Атака завершилась. Она не удалась.
В пятницу 1 ноября мы вернулись в Гибралтар. Не знаю, какой именно была наша задача, но мы ее выполнили. Противник ничего не предпринимал.
IV
После этого в пятницу и субботу нам позволили отдохнуть. Кают-компания восприняла это довольно мрачно. Не следовало быть искушенным пророком, чтобы понять: штаб готовит нам очередную каверзу.
Потом началась небольшая суматоха. Во время ленча прилетела ищейка и пробудила большие корабли, на которых закипела жизнь. Сразу пополз слух, что в бухте обнаружена еще одна подводная лодка, после чего задергались и дежурные эсминцы. Но мы стояли неподвижно, и было в этом спокойствии нечто зловещее.
Но ничего чрезвычайного не случилось.
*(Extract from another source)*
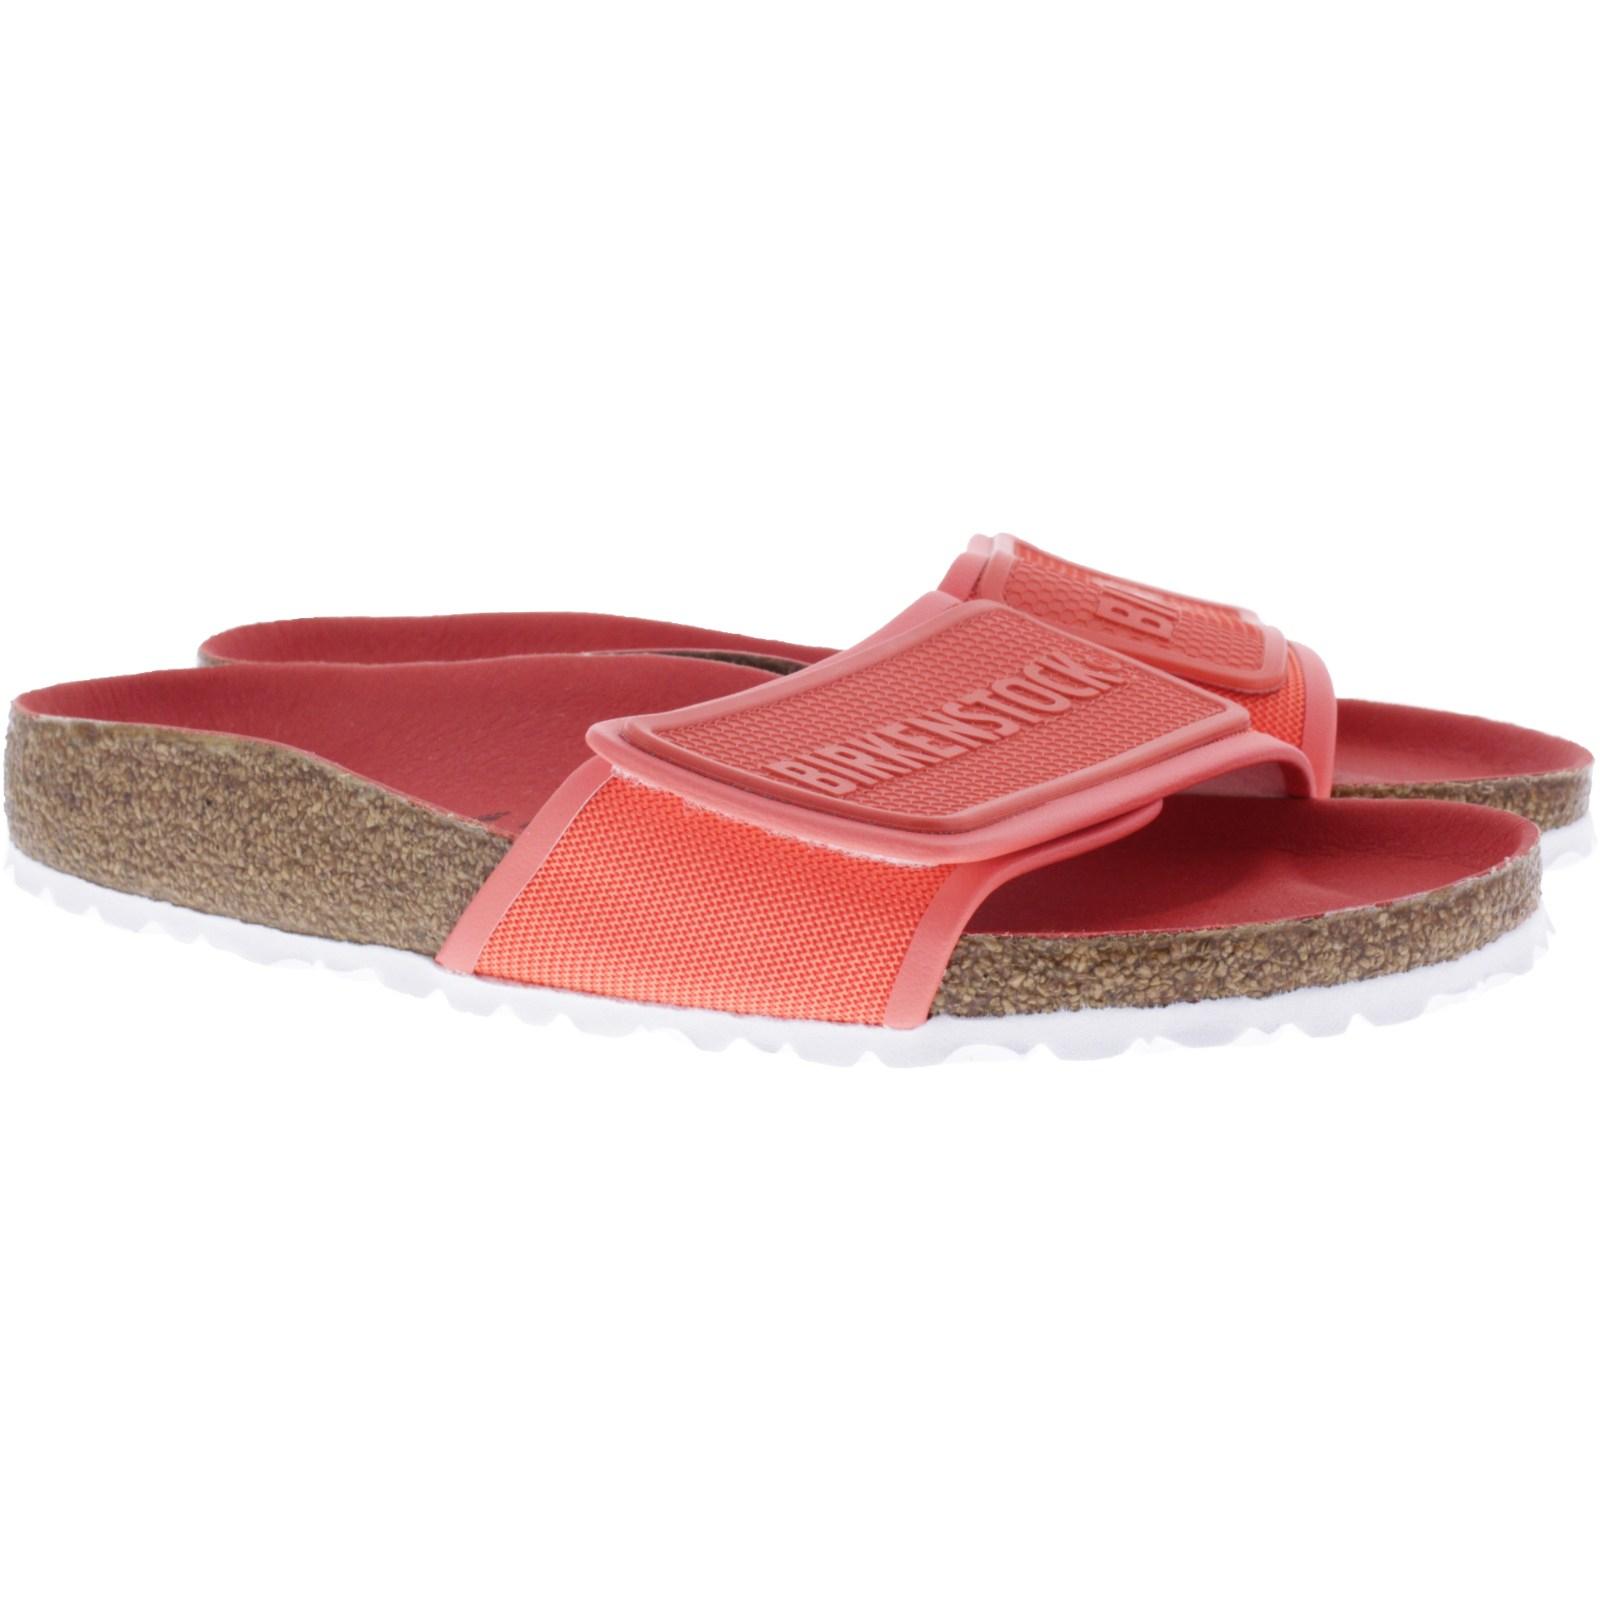 Birkenstock Modell: Tema Coral Rot Weite: Schmal Art: 1013231 Damen Pantoletten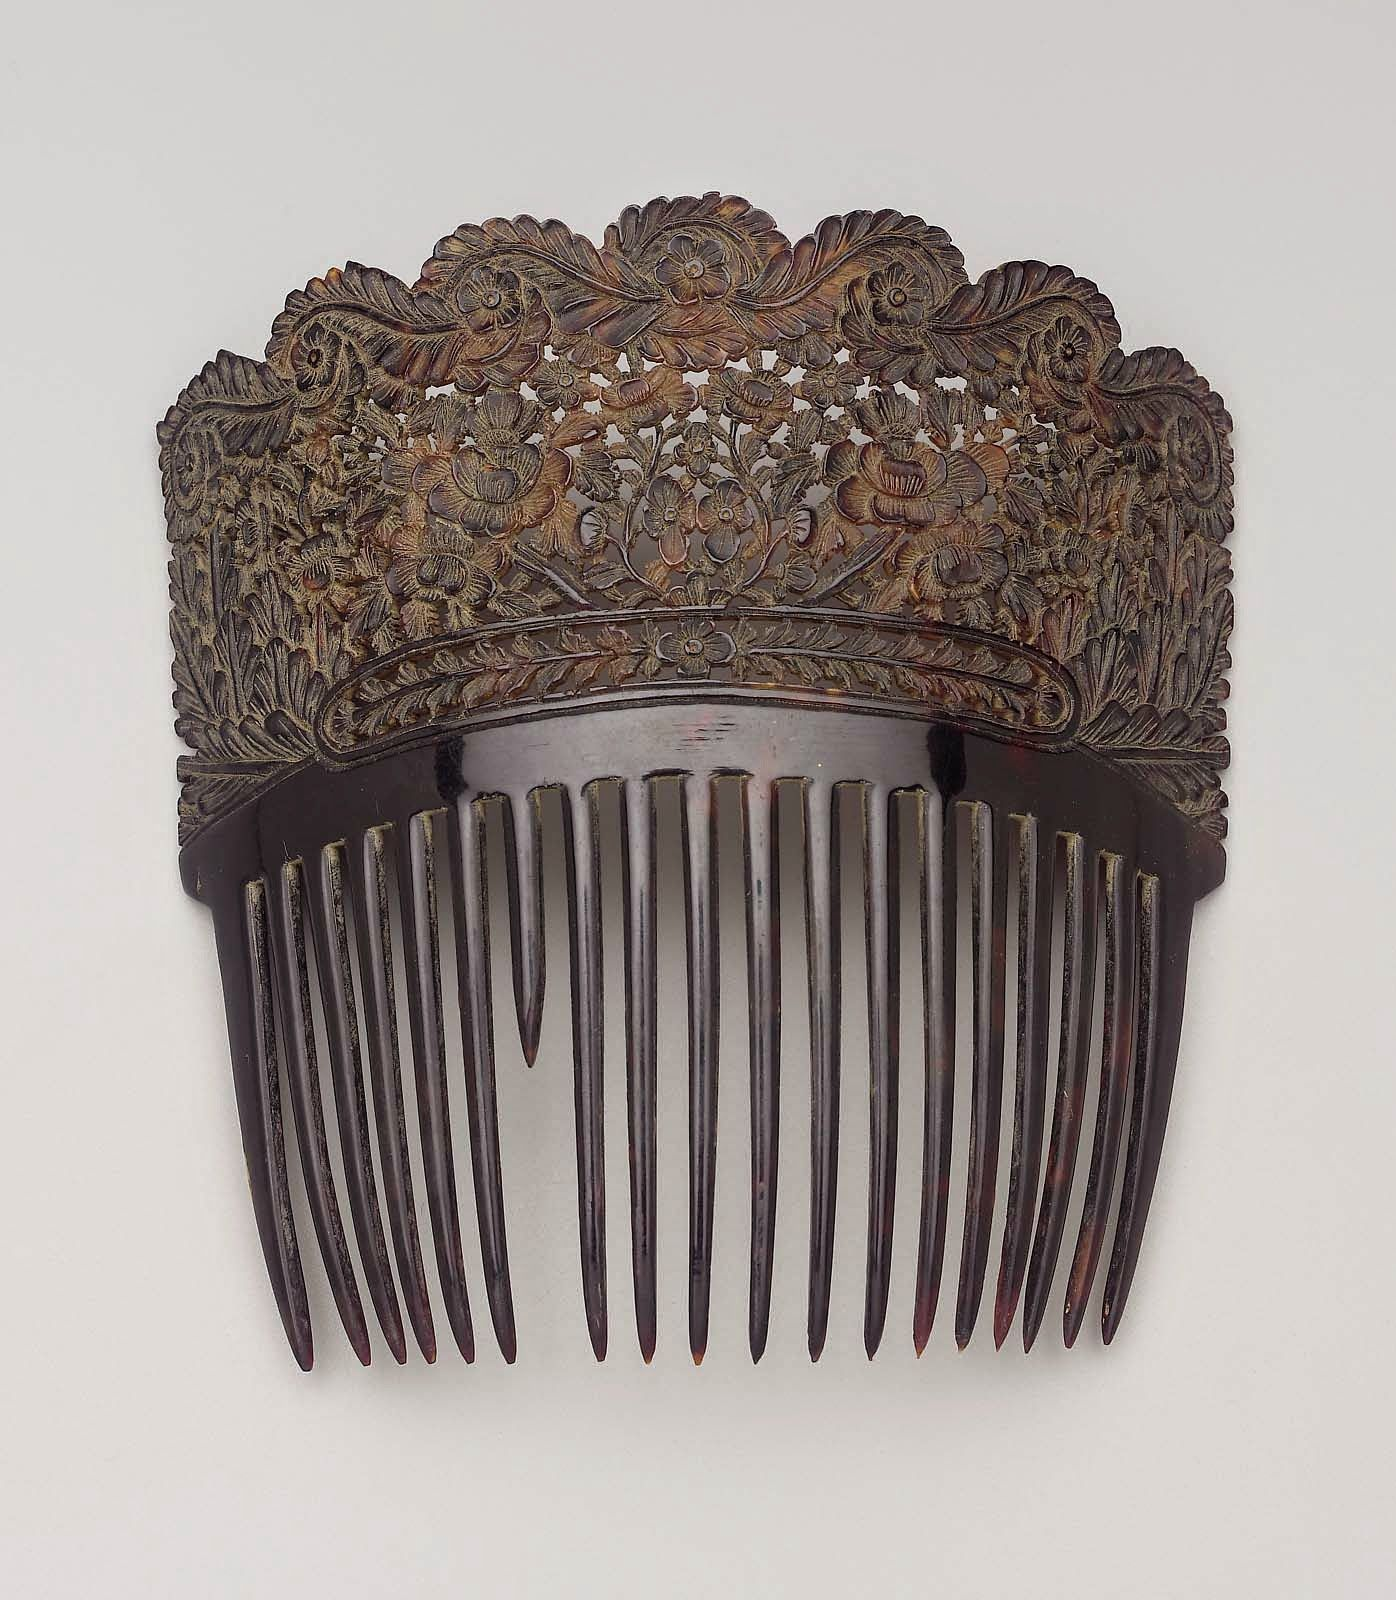 Tortoiseshell comb, 19th cent. American

Разумеется, штаб в воскресенье продемонстрировал свою гнусную натуру, отправив нас в море в 13.00 — прямо посреди обеда. Кают-компания испытала извращенное облегчение, когда это случилось.
Погода, в отличии от нашего последнего выхода на патрулирование, была прекрасной. В мирное время люди копят деньги для путешествий на круизных лайнерах как раз в такое время.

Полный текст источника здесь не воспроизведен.